Can somebody help me? I am attaching the input image (2) and its annotation (1). norm-test-pdb001lm

test-mdb001lm

tensorflowbutler commented 6 years ago

Thank you for your post. We noticed you have not filled out the following field in the issue template. Could you update them if they are relevant in your case, or leave them as N/A? Thanks. What is the top-level directory of the model you are using Have I written custom code OS Platform and Distribution TensorFlow installed from TensorFlow version Bazel version CUDA/cuDNN version GPU model and memory Exact command to reproduce

hendaboudegga commented 6 years ago

hello, i work for a project of semantic segmentation of retinal blood vessels with tensorflow with the model mobileUnet and i have the same error as jekasores.

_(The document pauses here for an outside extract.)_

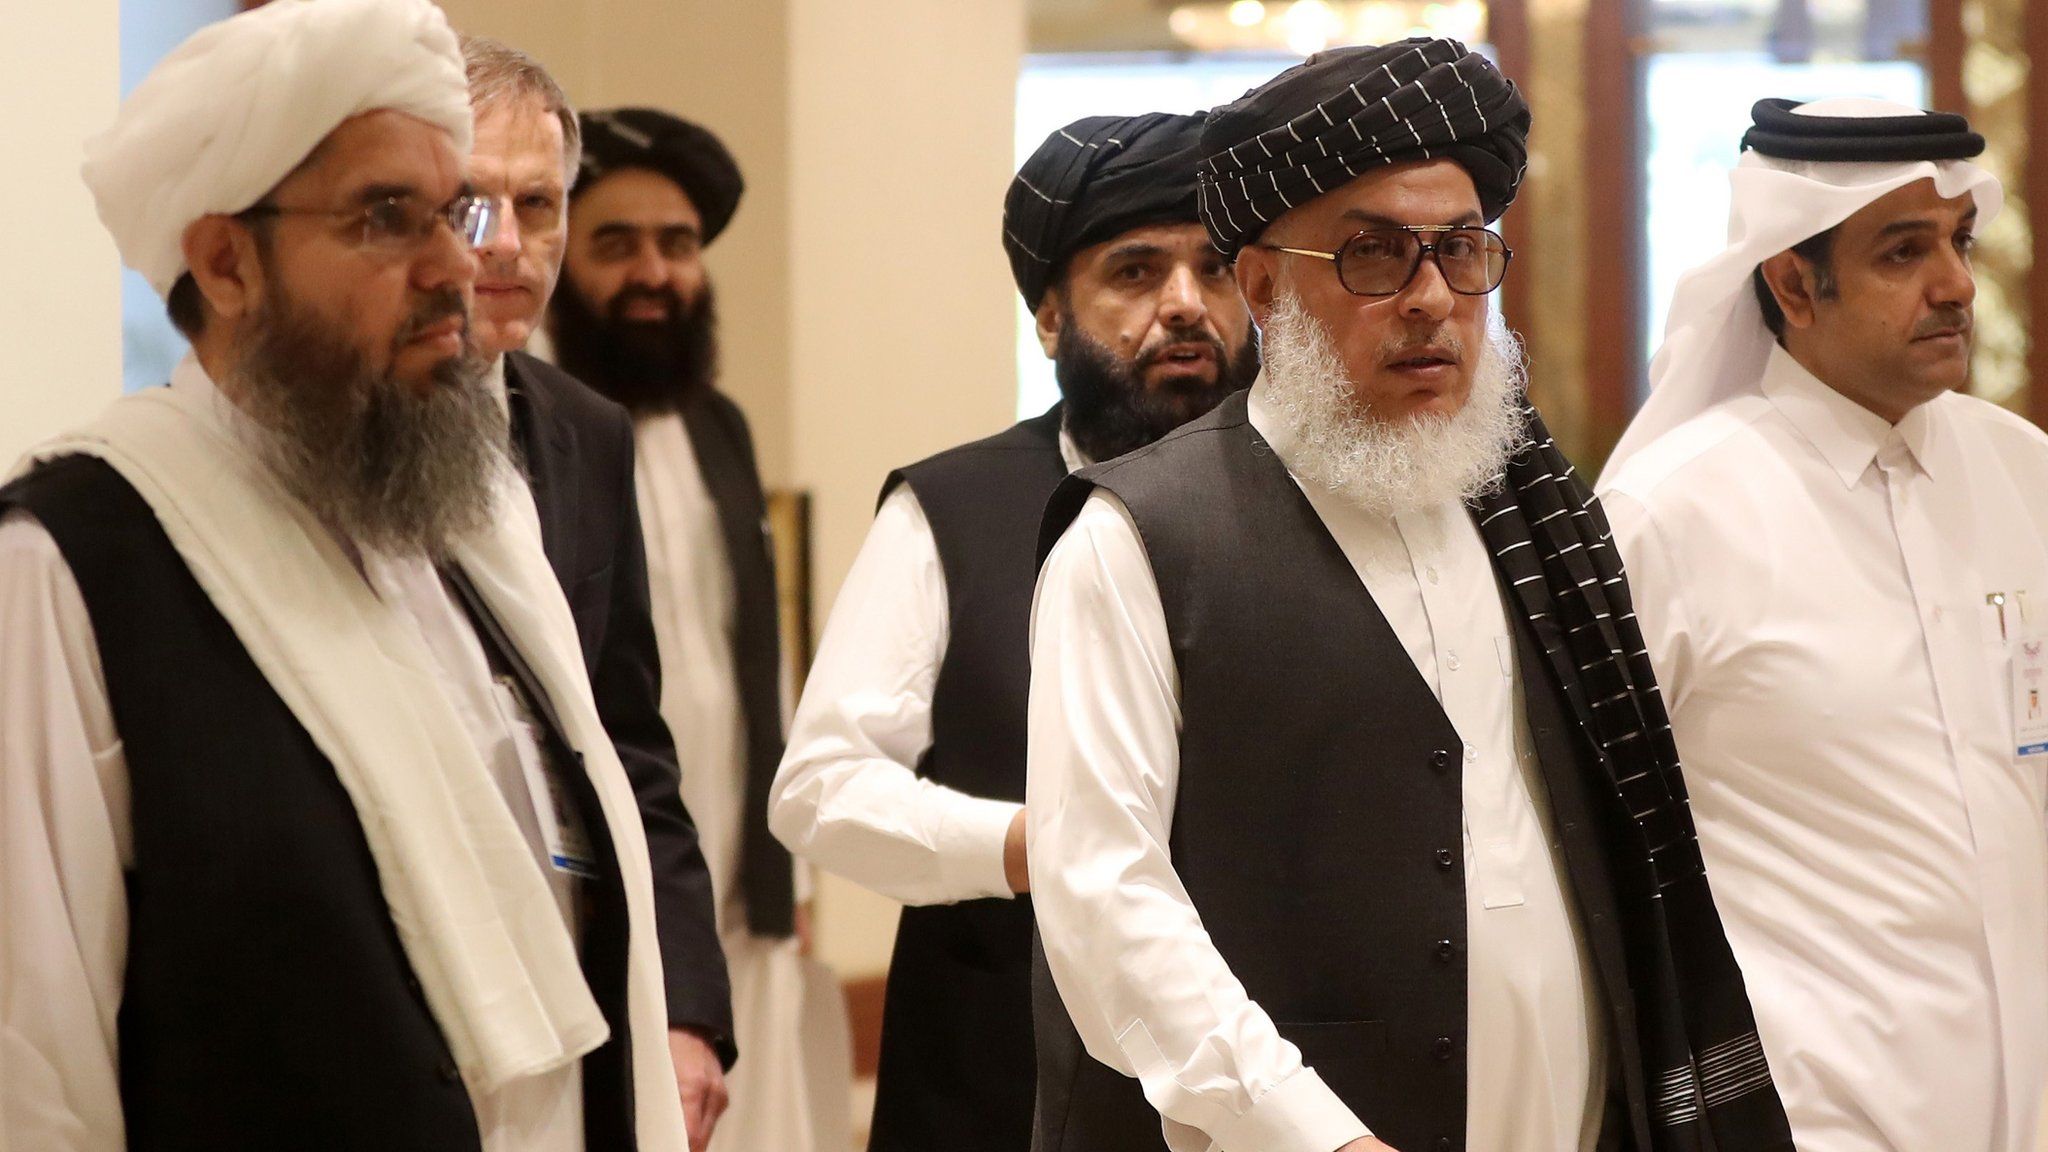 The Taliban"s former envoy to Saudi Arabia Shahabuddin Delawar (L) arrives with Taliban Qatar spokesman Suhhail Shaheen (C, behind) and Taliban negotiator Abbas Stanikzai (C, front) to attend the Intra Afghan Dialogue talks in the Qatari capital Doha on July 7, 2019.

InvalidArgumentError (see above for traceback): logits and labels must be broadcastable: logits_size=[82944,2] labels_size=[90000,2] [[Node: softmax_cross_entropy_with_logits_sg = SoftmaxCrossEntropyWithLogits[T=DT_FLOAT, _device="/job:localhost/replica:0/task:0/device:CPU:0"](softmax_cross_entropy_with_logits_sg/Reshape, softmax_cross_entropy_with_logits_sg/Reshape_1)]]

the input image is RGB with 300*300 size and the output is a binary image with the same size as input.

here is my folowing code: net_input = tf.placeholder(tf.float32,shape=[None,None,None,3]) net_output = tf.placeholder(tf.float32,shape=[None,None,None,num_classes]) losses = tf.nn.softmax_cross_entropy_with_logits(logits=network, labels=net_output) cost = tf.reduce_mean(losses)# define cost of our neural network

cost = tf.reduce_mean(tf.nn.softmax_cross_entropy_with_logits(logits=prediction, labels=y))

opt = tf.train.AdamOptimizer(args.learning_rate).minimize(cost) init = tf.initialize_allvariables() ,current=sess.run([opt,cost],feed_dict={net_input:input_image_batch, net_output:segmented_image_batch})

i am working on hp machine with intel core i7 3770 CPU, 3.4 GHZ with RAM 8Go. the OS installed is wind 8.1 Tensorflow version is 1.10.0. the cuda version is 9.0 and cuDNN is 7.0. the GPU NVIDIA Geforce GT 520.

Can someone help me, thanks.

karmel commented 6 years ago

It looks like there is a mismatch between the set of allowed labels and the output shape of your final layer. That said, this question is better asked on StackOverflow since it is not a bug or feature request. There is also a larger community that reads questions there.

If you think we've misinterpreted a bug, please comment again with a clear explanation, as well as all of the information requested in the issue template. Thanks!